A Brief History of the ECS
In 1998, Vincenzo Di Marzo, one of the world’s leading cannabinoid scientists, stated that these physiological processes in the human body: mood, appetite, sleep, memory, and pain-sensation are in the domain of a biological regulatory system wired to keep the body in balance.
Named after the plant that led to its discovery, the endogenous cannabinoid system is perhaps the most important physiologic system involved in establishing and maintaining human health. It is composed of endocannabinoids, which are endogenous lipid-based retrograde neurotransmitters that bind to cannabinoid receptors, and cannabinoid receptor proteins that are found throughout the body in the brain, organs, connective tissues, glands, and immune cells. In each tissue, the cannabinoid system performs different tasks, but the goal is always the same: homeostasis. In fact, almost every physiological process is affected by the endocannabinoid system on some level. This means it can be targeted to treat many diseases.

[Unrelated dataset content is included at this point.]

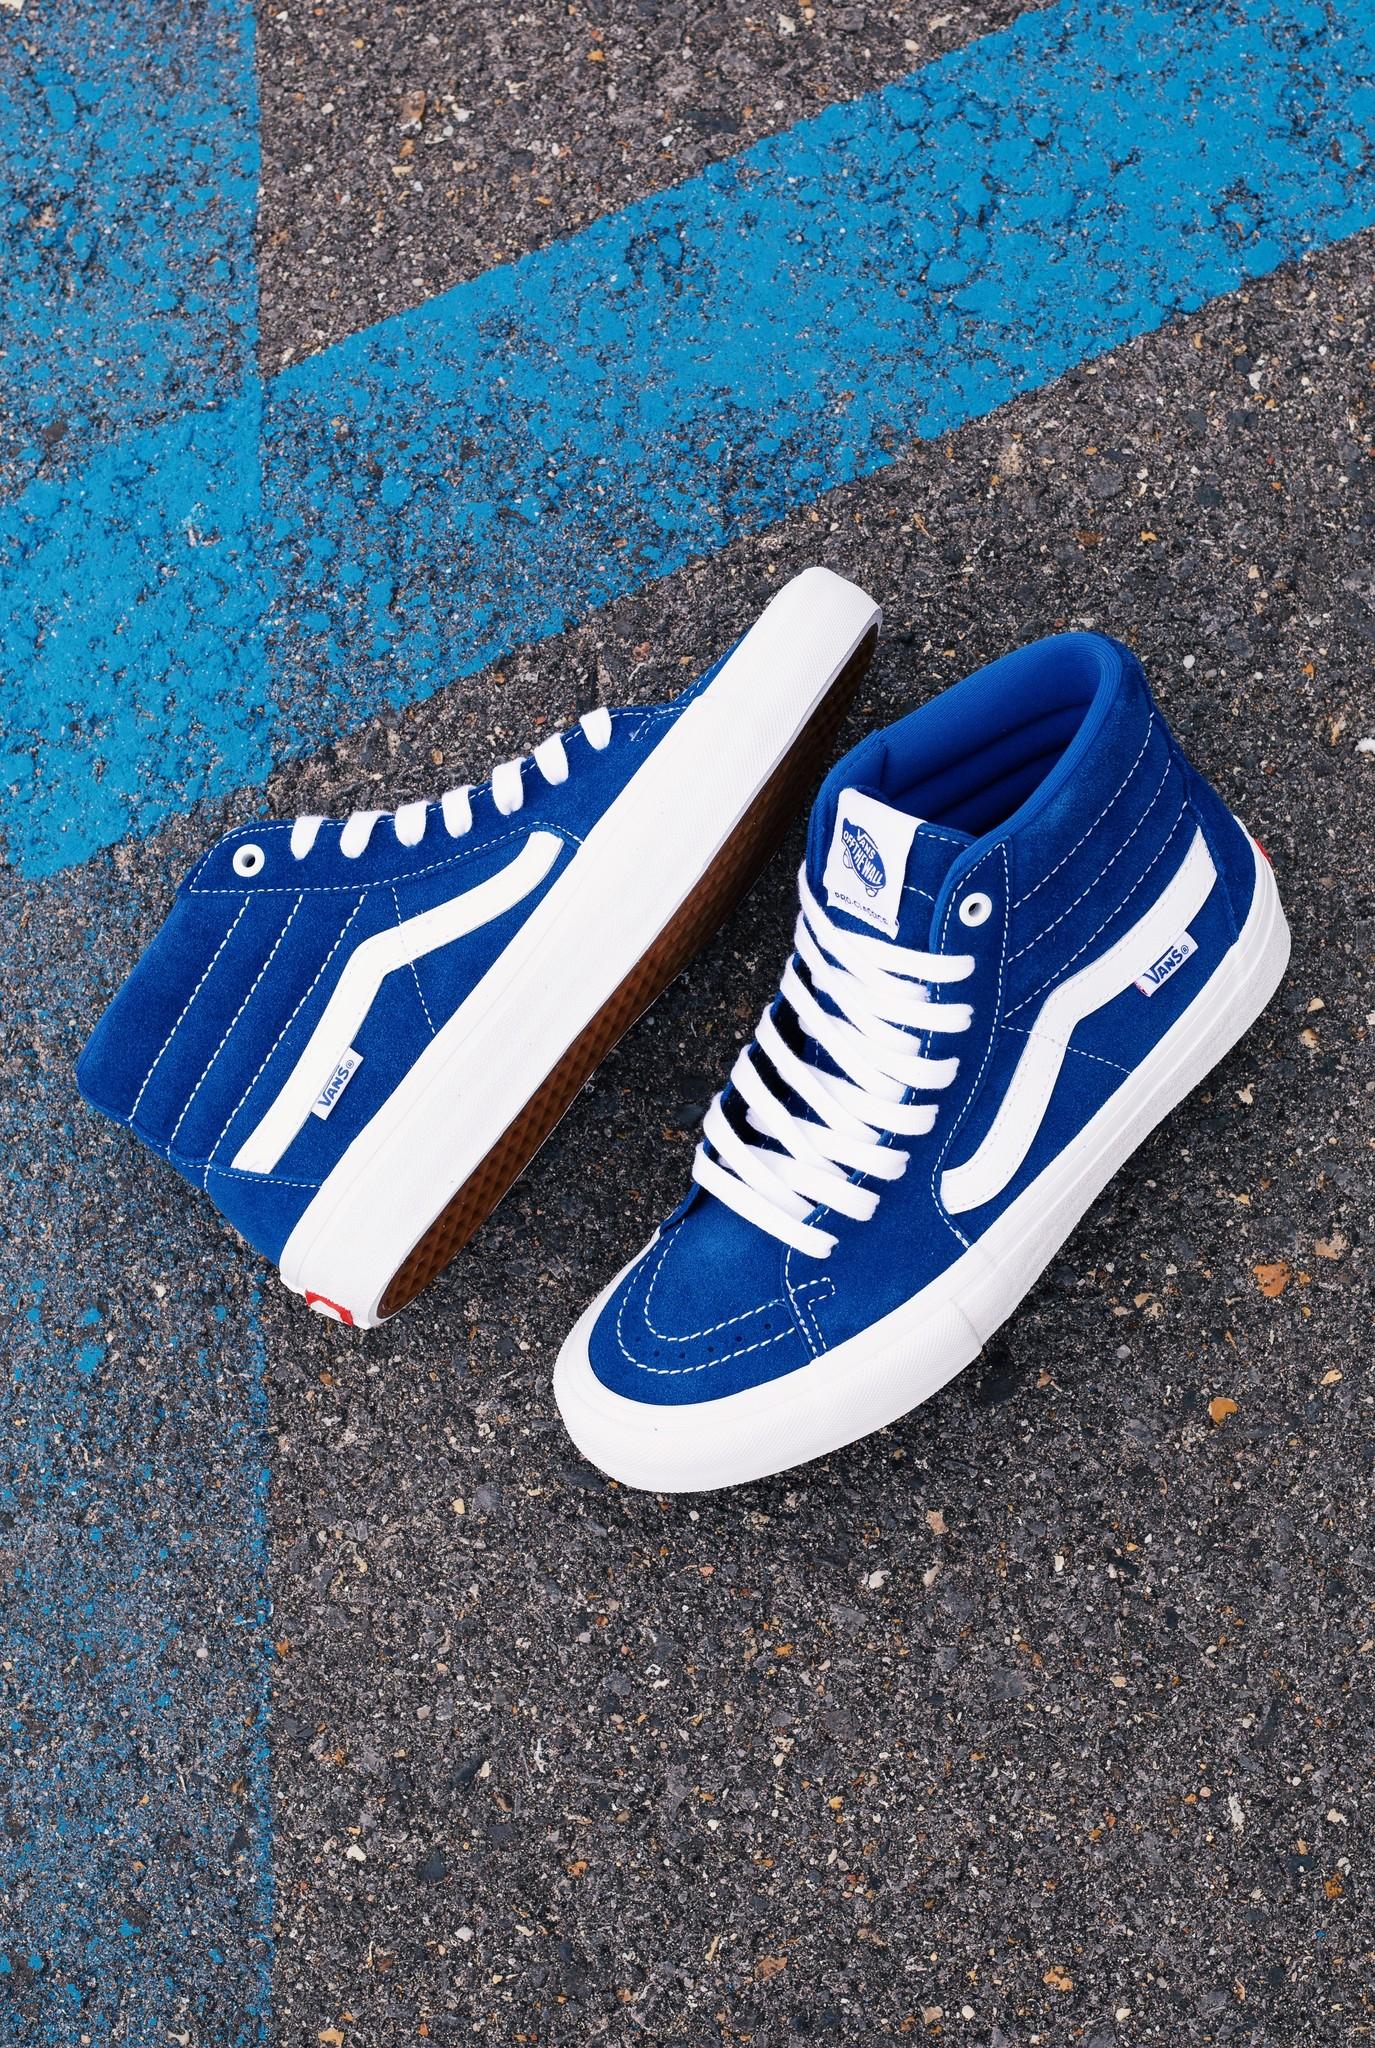 Vans Sk8 Hi Pro true blue/white

In 1964, Dr. Raphael Mechoulam, the sometimes referred to as the “godfather” of cannabis research, first identified and isolated tetrahydrocannabinol (THC) for the first time. THC is historically known for its psychoactive properties. In addition, Mechoulam also successfully isolated cannabidiol (CBD), a non-psychotropic cannabinoid and generally associated with antioxidant and neuroprotectant properties. These cannabinoids are referred to as “phytocannabinoids” because they are naturally occurring in plants. Being able to isolate these phytocannabinoids for the first time was a critical stepping stone in discovering the endocannabinoid system.